Hyperbook V17 Liquid test with NVIDIA GeForce RTX 4090 Laptop GPU.

Last year, one of the laptops we tested offered liquid cooling. Compared to solutions from a few years ago, the concept discussed here was to use a separate, although small, unit with a pump for liquid cooling. It was enough to connect the included hoses to the laptop and almost immediately you could enjoy better performance under load and lower temperatures. The laptop we're talking about is the Hyperbook V17 Liquid - last year it came with an Intel Core i9-12900H processor and an NVIDIA GeForce RTX 3080 Ti Laptop GPU. This year, the company launches its improved version with much stronger components - Intel Core i9-13900HX and NVIDIA GeForce RTX 4090 Laptop GPU. We check how the same cooler (well, almost the same, because it has been slightly improved) will cope with much more efficient components. NVIDIA GeForce RTX 4090 Laptop GPU is the flagship graphics chip of the current generation for portable computers. It should be noted, however, that it has nothing to do with the desktop GeForce RTX 4090 card. It was decided to keep the specifications similar to the desktop version of the GeForce RTX 4080. So we get a practically identical AD103 core with 9728 CUDA FP32 cores, 76 3rd generation RT cores and 304 cores Generation 4 Tensor. Ada Lovelace's architecture is the same for both desktops and laptops. We have more efficient CUDA cores, rebuilt RT cores for accelerating ray tracing calculations, and new Tensor cores with support for Frame Generator and Optical Flow Accelerator.

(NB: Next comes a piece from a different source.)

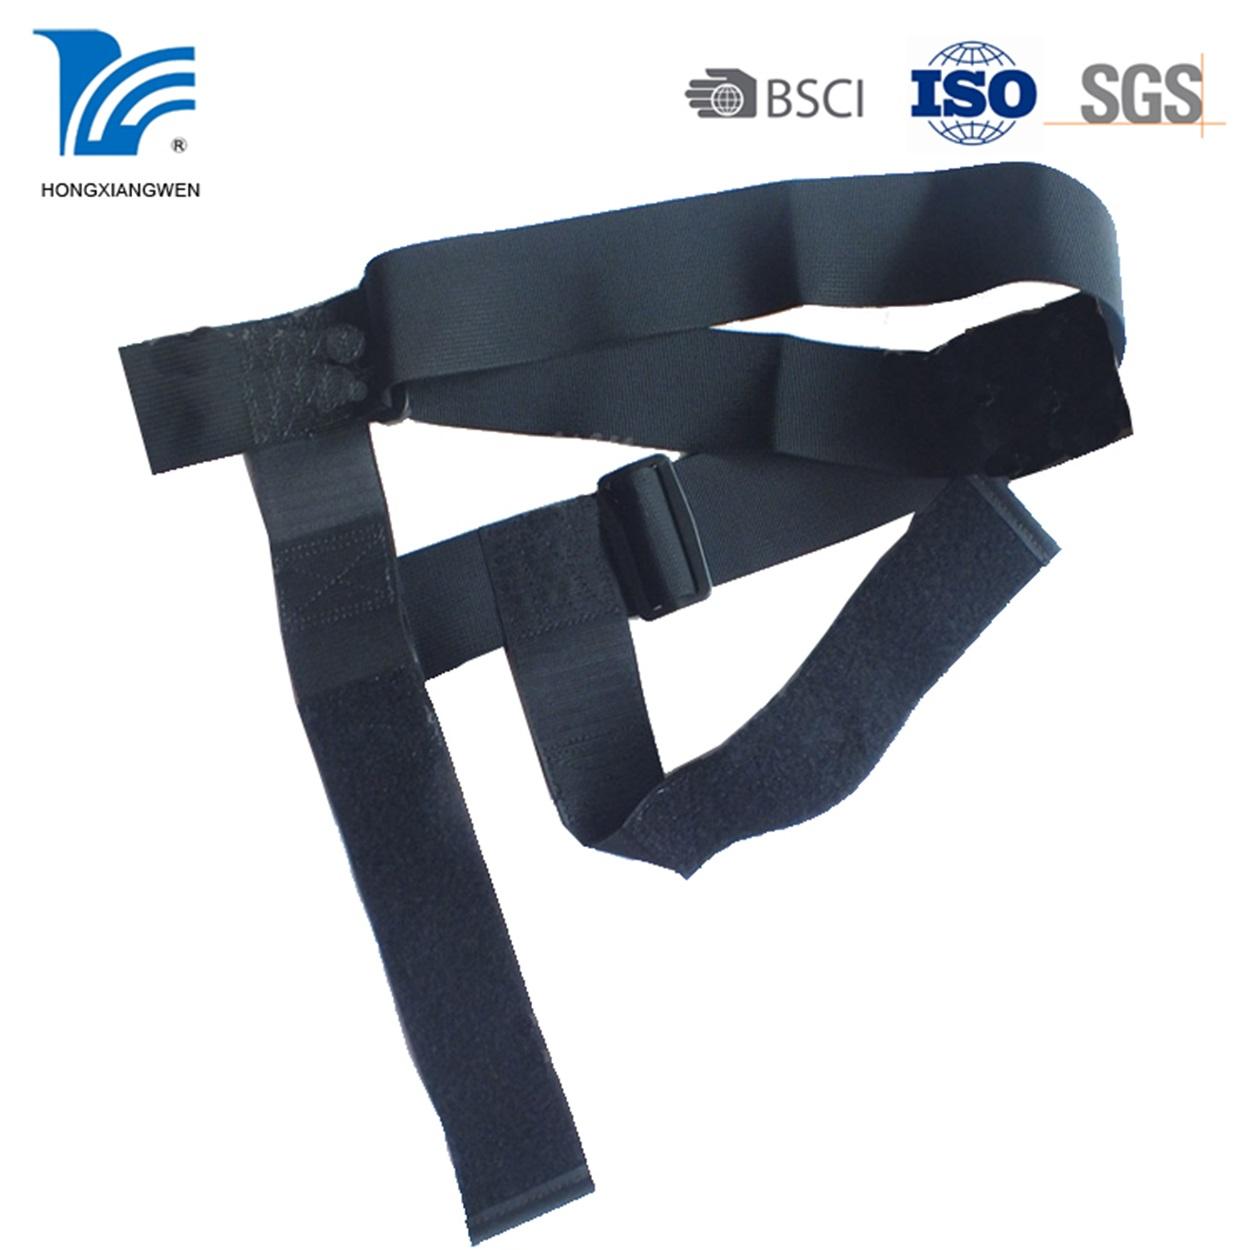 Snowboard Shoulder Strap for Ski for Snowboarding Yencoly Adjustable Ski Strap

The whole thing is complemented by 16 GB of GDDR6 memory, which works on a 256-bit bus. For testing, we received a Hyperbook V17 Liquid laptop, which is the most powerful model offered by the company. The maximum power of the NVIDIA GeForce RTX 4090 Laptop GPU is 175 W. The whole process was developed using a completely new and more advanced TSMC 4N lithography technology, which allowed to place over 45 billion transistors in a relatively small area of ​​the AD103 graphics core. Thanks to this, it was possible to achieve an almost threefold increase in transistor packing density compared to the GA103 core in the Ampere architecture and the Samsung 8nm process.